Continance looks positive

You have "youth" on your side so odds of EF returning are much better

Wishing you all the best with your recovery.

'Youth' lol..u old fogie...I,ll have you know I,m a grandad of 8.

Pleased to hear your op went well Sonic.

It surprised me to hear that the district nurse removed the cathetar rather than you attending the clinic for a trial without cathetar (twoc).

Did the district nurse check your urine output following removal of the cathetar. They usually want to be confident that everything is as it should be once the cathetar is out.

Bri

I am no expert of course but the paperwork given to me about my op claimed that the younger you are (particularly under 60) then the chances of EF returning are much better. So I would regard 48 as "young" and something in your favour!

Congratulations on being a "young" grandad of 8!

I hope the pain you are experiencing quickly sorts itself out.
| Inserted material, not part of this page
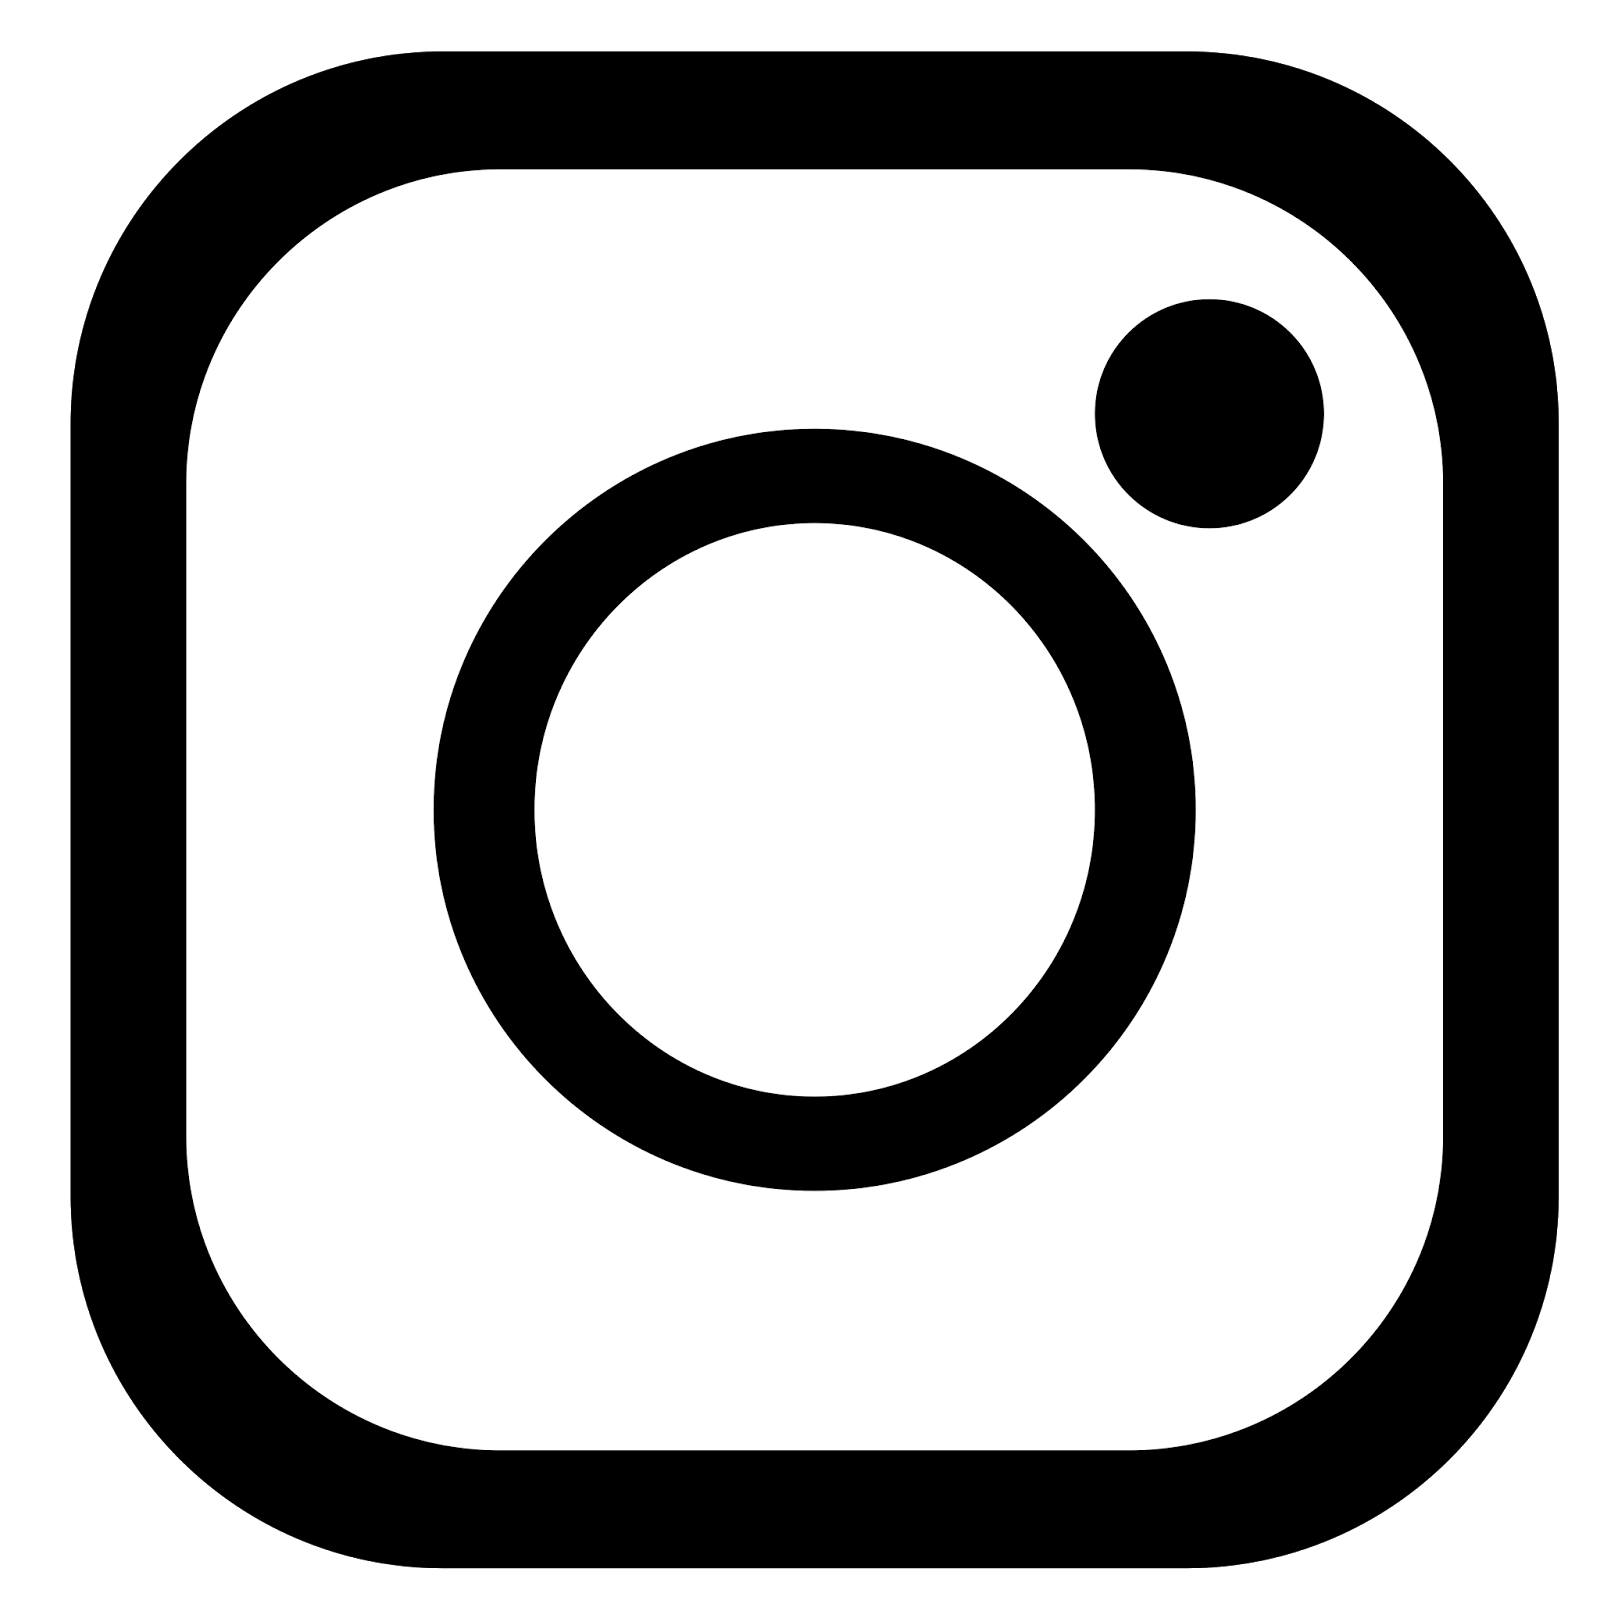 Logo psd images gallery. Instagram clipart hi res

Best wishes from the "old fogie"! 😄

Edited by member 08 Apr 2015 at 22:28  | Reason: Not specified

Sonic

Like Bri was surprised the district nurse took it out, I was given strict instructions not to let the district nurse do anything with the catheter.

Did you have the Da Vinci op, let me know ? My surgeon is convinced the way my catheter was removed has caused my on going stricture.

Thanks Chris

Good luck, hope you make a speedy recovery, my other half went down the brachy route (as I said earlier on in this post) we thought he had taken the easier option, but 3 and a half months down the line he is still suffering with severe burning with every pee and can't sit down for long as it hurts inside. I think they must have damaged inside with the catheter, he was in agony the whole time the catheter was in (only overnight) So things don't always go to plan! 

All the best.

Chris,I googled it...wonderful thing Google.;)
Is there treatment for that? Who removed your catheter?